Print each line from the start of the records below up through the line where "Danseurs du Croisty - © MA Gouret-Puillandre" is found, exactly as given.

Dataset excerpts
::::::

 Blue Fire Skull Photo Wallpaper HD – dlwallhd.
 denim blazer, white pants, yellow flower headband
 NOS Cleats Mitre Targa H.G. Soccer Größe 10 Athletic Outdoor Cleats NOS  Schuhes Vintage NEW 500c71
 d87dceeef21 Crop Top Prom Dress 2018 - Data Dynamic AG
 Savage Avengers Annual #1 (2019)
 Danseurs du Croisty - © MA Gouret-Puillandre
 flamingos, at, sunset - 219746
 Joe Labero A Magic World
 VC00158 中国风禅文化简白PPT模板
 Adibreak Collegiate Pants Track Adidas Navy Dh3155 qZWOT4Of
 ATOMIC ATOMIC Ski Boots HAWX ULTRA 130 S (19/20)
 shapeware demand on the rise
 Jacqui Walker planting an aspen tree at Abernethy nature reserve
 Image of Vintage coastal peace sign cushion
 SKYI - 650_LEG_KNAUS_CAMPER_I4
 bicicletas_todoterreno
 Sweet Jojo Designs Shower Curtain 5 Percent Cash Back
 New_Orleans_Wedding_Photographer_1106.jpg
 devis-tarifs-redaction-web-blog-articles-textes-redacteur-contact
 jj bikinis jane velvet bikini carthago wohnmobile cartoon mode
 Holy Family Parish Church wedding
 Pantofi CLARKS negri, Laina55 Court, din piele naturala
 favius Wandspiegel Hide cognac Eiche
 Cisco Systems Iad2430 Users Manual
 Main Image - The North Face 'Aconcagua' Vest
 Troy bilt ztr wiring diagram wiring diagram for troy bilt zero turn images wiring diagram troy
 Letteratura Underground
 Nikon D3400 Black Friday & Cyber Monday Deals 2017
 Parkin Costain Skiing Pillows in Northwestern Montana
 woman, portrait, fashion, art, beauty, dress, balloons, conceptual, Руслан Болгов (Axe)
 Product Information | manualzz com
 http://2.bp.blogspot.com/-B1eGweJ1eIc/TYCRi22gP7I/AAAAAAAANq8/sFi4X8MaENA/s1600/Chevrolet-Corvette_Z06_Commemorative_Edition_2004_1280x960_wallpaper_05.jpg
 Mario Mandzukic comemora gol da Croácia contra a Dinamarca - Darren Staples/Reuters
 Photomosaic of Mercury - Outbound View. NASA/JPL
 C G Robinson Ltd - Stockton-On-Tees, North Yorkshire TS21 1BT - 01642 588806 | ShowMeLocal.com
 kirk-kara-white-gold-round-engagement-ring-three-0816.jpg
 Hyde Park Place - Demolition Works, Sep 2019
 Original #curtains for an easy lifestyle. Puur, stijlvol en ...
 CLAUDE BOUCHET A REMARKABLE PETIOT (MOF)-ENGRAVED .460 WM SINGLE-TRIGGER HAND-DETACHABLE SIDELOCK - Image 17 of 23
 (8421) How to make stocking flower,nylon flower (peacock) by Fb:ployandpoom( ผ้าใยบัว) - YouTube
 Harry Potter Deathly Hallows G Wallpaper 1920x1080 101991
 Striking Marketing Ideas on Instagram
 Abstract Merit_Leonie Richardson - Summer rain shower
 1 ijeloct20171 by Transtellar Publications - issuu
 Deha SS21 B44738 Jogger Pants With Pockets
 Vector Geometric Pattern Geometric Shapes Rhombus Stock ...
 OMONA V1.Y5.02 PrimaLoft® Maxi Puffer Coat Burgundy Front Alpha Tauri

::::::

• _Solution_
 Blue Fire Skull Photo Wallpaper HD – dlwallhd.
 denim blazer, white pants, yellow flower headband
 NOS Cleats Mitre Targa H.G. Soccer Größe 10 Athletic Outdoor Cleats NOS  Schuhes Vintage NEW 500c71
 d87dceeef21 Crop Top Prom Dress 2018 - Data Dynamic AG
 Savage Avengers Annual #1 (2019)
 Danseurs du Croisty - © MA Gouret-Puillandre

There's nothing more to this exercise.